I don’t even feel like discussing the rest of the covers on the album, because they all suffer from exactly the same problem: most of the songs are good, but it never feels as if there is a real sense of purpose to the Searchers covering them. The best outcome is that they might help one unearth some forgotten goodies — I’d never even heard of Moody and the Deltas, for instance, before listening to this album, or of Lou Johnson, the soul singer who first recorded Bacharach and David’s ‘Magic Potion’ in a solidly soulful version which makes the Searchers’ one completely expendable. (I have a suspicion they only recorded the song because they’d already done ‘Love Potion No. 9’, so, as well-established experts in love potions, they simply couldn’t pass up on this one). And what did they think to achieve by covering the orchestrated waltz of the Drifters’ ‘I Don’t Want To Go On Without You’? Without a Steve Marriott or a Rod Stewart-type singer in the band, competing with the power of the Atlantic R&B sound on a vocal level is a battle that’s lost before it is even started.

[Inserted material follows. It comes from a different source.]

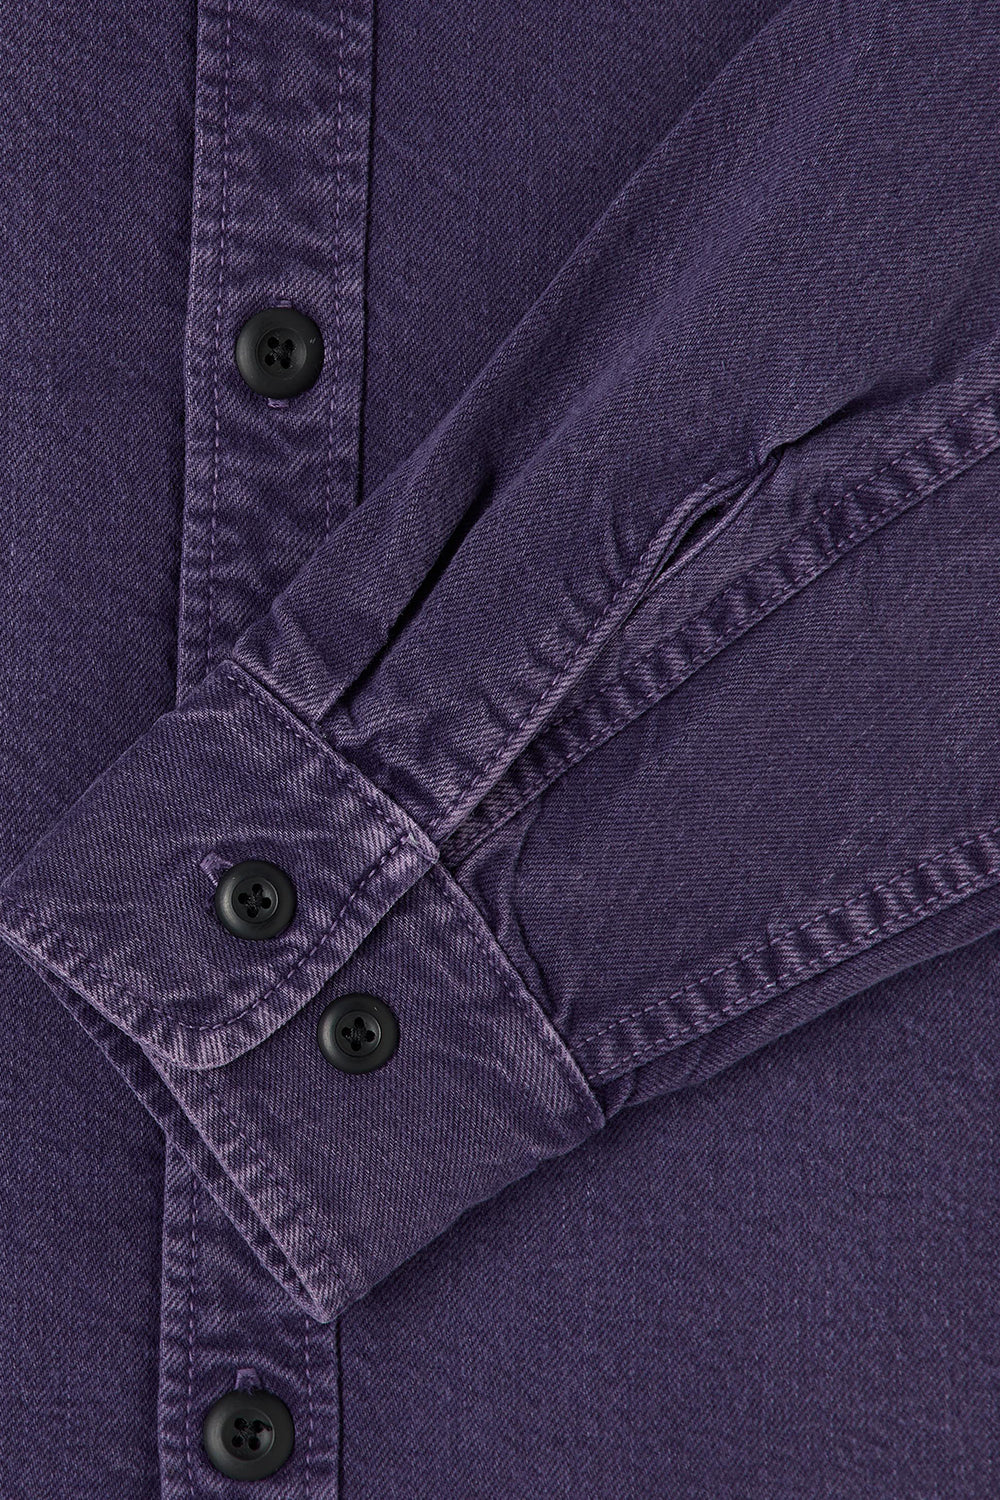 Edwin Sebastian PFD Spike Shirt (Denim Purple)

In short, while time has helped me to somewhat mellow out — there are really no bad songs on the album, and all the covers are at least formally competent and listenable — Sounds Like Searchers still represents the start of a clear (and fairly quick) downward slide for a band that took quite a bit of time to find their special strength, then embarrasingly failed to capitalize on it.

Interestingly enough, the small run of singles that they would release throughout 1965 — available on the remastered CD edition of the album as bonus tracks — does show that the race was not yet completely run. Most of these songs are originals, and a few show some promising developments, most notably ‘He’s Got No Love’, co-credited to Curtis and Pender — the song is notable for containing much the same little pop riff that Pete Townshend would later use (nick?) for his own ‘A Legal Matter’, though one could argue that it is, in turn, itself derivative of the Stones’ riff for ‘The Last Time’. Anyway, that riff is encrusted inside an echoey, reverberating arrangement, with gorgeous harmonies that are but one step away from the baroque-pop explosion of next year. The B-side of the single, ‘So Far Away’, was recorded in much the same style, but is just a tad weaker because the overall melody is extremely derivative of Buddy Holly (the opening is pretty much pilfered directly from ‘Listen To Me’). But then they had to go and spoil it by choosing a Bobby Darin track for their next single — ‘When I Get Home’ (not the Beatles song), which may actually sound a little crisper than the Darin original (at least it’s not a Drifters song), yet still completely ditches that proto-psychedelic jangly reverberation of the previous single. In other words, one step forward, one step back, same old muddle again.